Do People Really Think There Will Be Inflation When Capacity Utilization Is So Low?
It is a simple decision if you own a business when faced with increased demand... Do you produce more? or Do you raise prices?
We now see a situation where the markets are expecting higher inflation. They expect prices to rise. But why not just increase utilization of capacity to produce output to soak in the extra demand dollars.
If demand increases, a firm can either increase production or raise prices. When capacity utilization is low, a firm prefers to increase utilization of capacity rather than raise prices... and capacity utilization is currently quite low.

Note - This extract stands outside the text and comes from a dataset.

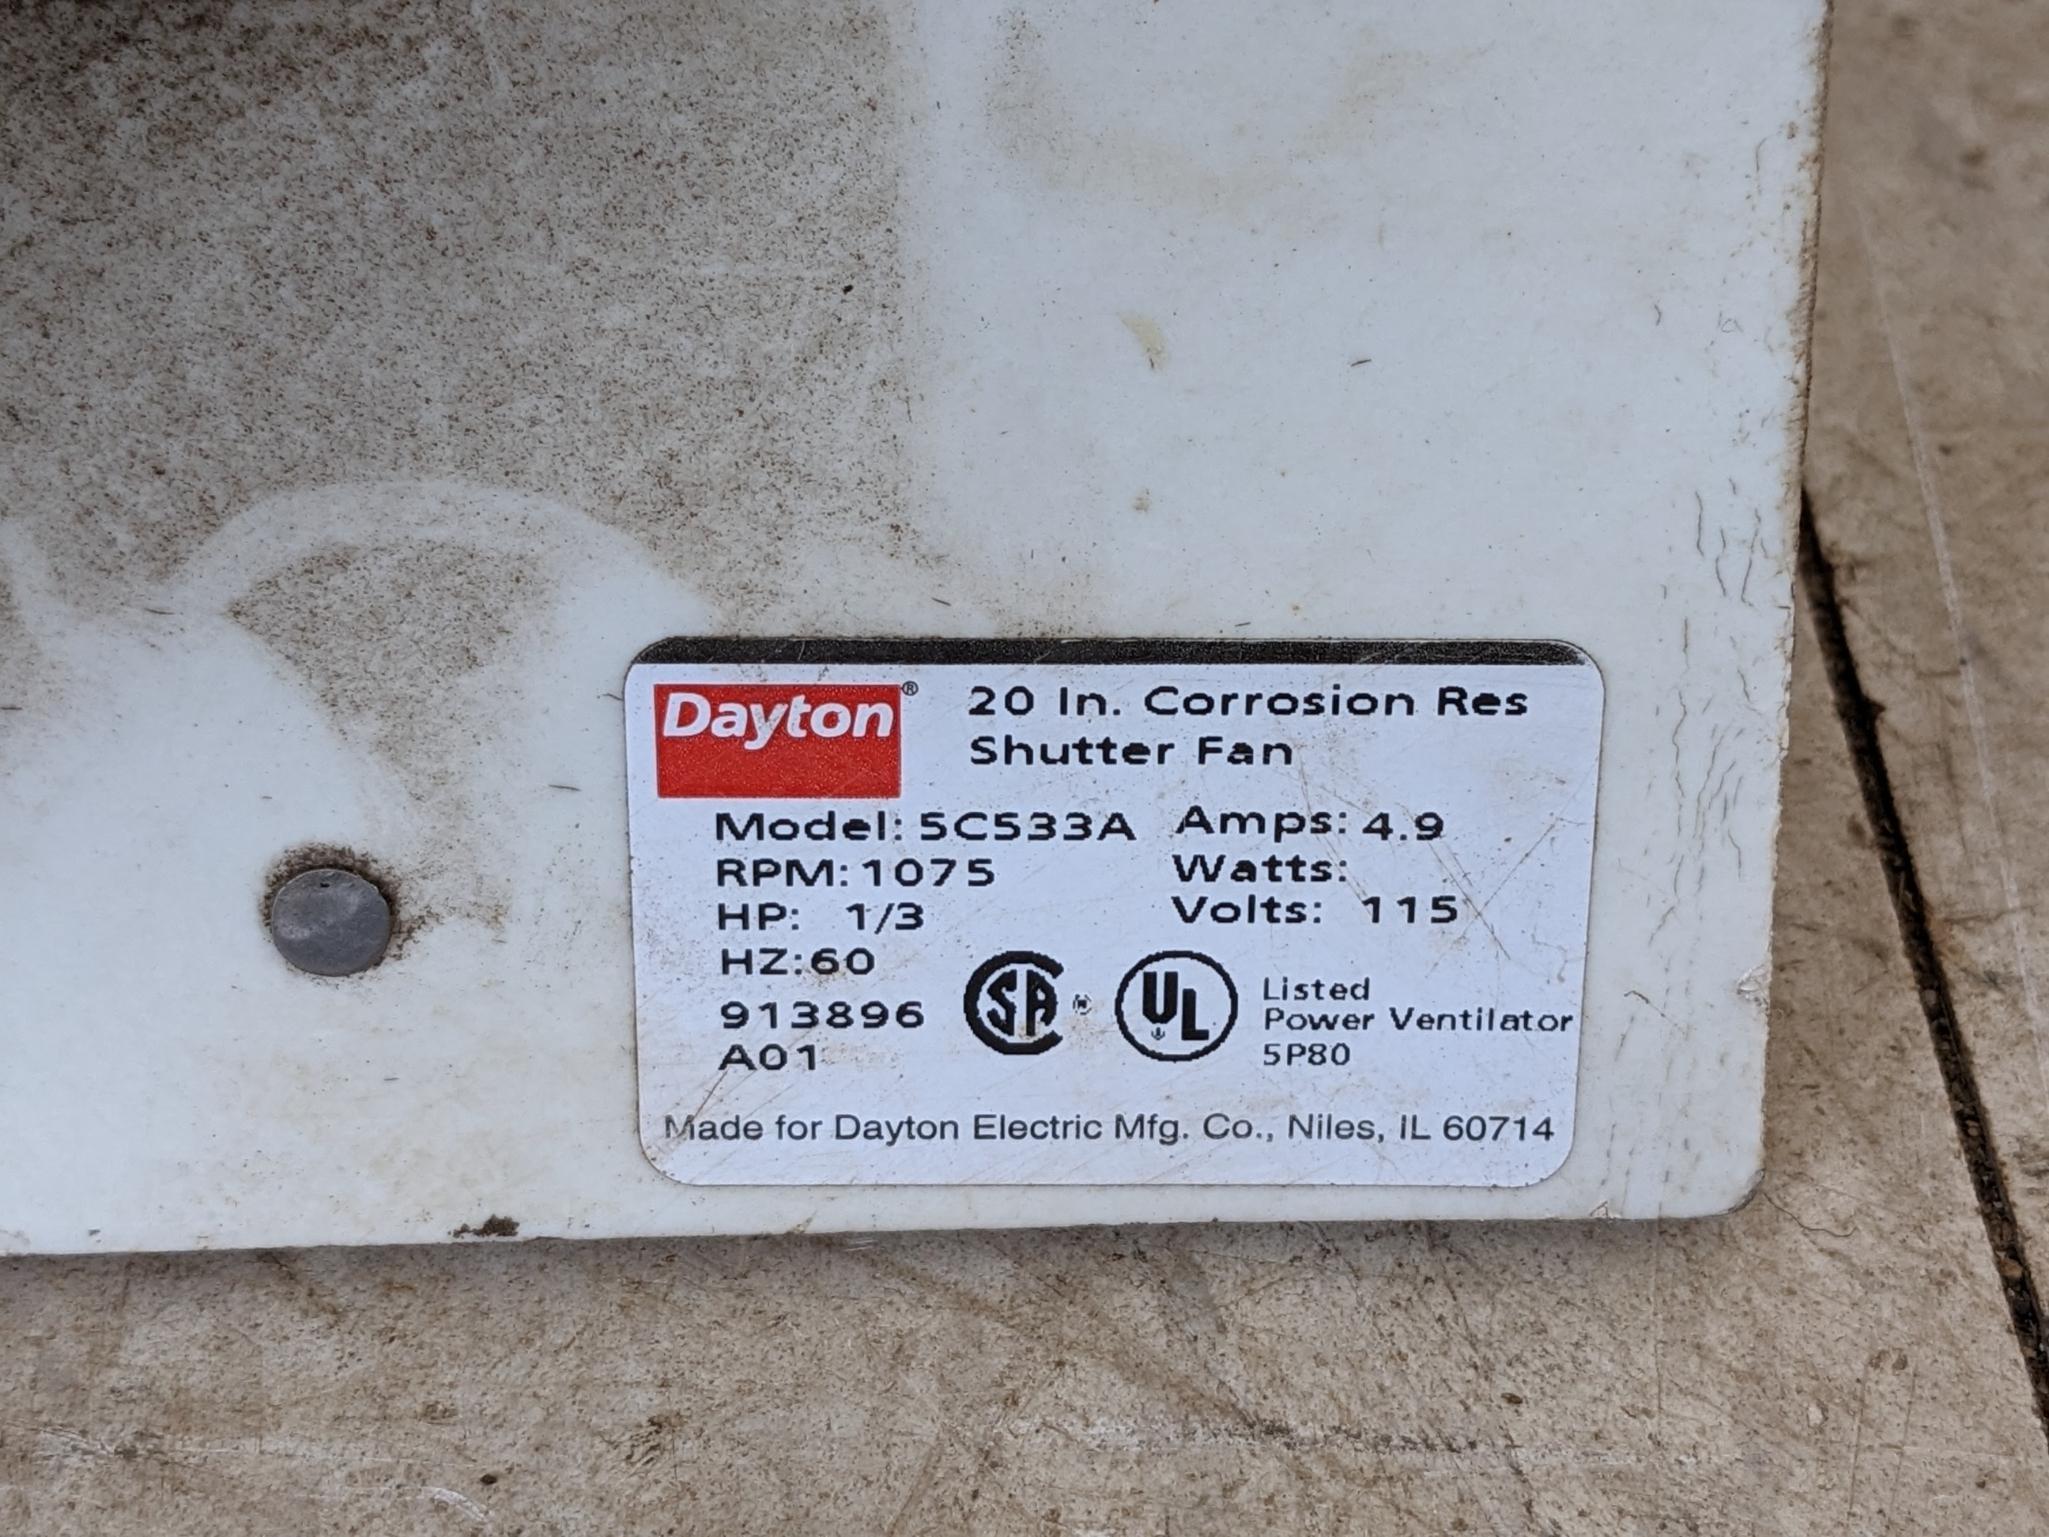 Dayton ventilation fan measures 23"x23" overall, all the louvers appear in good condition and has a

Low capacity utilization can be understood as prices being too high. It is akin to a monopoly production schedule where less is produced at higher prices. There is evidence that we have that type of scenario more so now in the economy. In such a case, firms are more apt to increase production while holding prices steady if demand begins to increase.
Capacity utilization is understood as the ratio of output to full-capacity output. It is important to understand what full-capacity output is... It is the point at which average cost (unit cost) of production begins to rise as production is increased. Average cost includes Fixed and Variable costs.
So if there is excess capacity like we see now, imagine two competing firms faced with increased demand. One decides to raise prices, the other decides to increase production. Who do you think would win in most cases? Well, if average costs do not rise, the firm that just increases production would gain market share and good profits.
Basically, we have low capacity utilization... So when people forecast increased demand from Trump's projected fiscal stimulus and deregulation, Why on Earth would anyone foresee stronger inflation coming? It makes more sense to forecast higher capacity utilization which would eventually reach a saturation point to cause inflation... but capacity utilization is so low right now, that we are quite a long way away from that saturation point.
Basically, I do not see high probabilities of inflation anytime soon. One needs to keep their eyes on capacity utilization.
In the Fed's beige book there is constant reference to producers who are unable to raise final selling prices. You point about competition and excess capacity is borne out by the Fed data.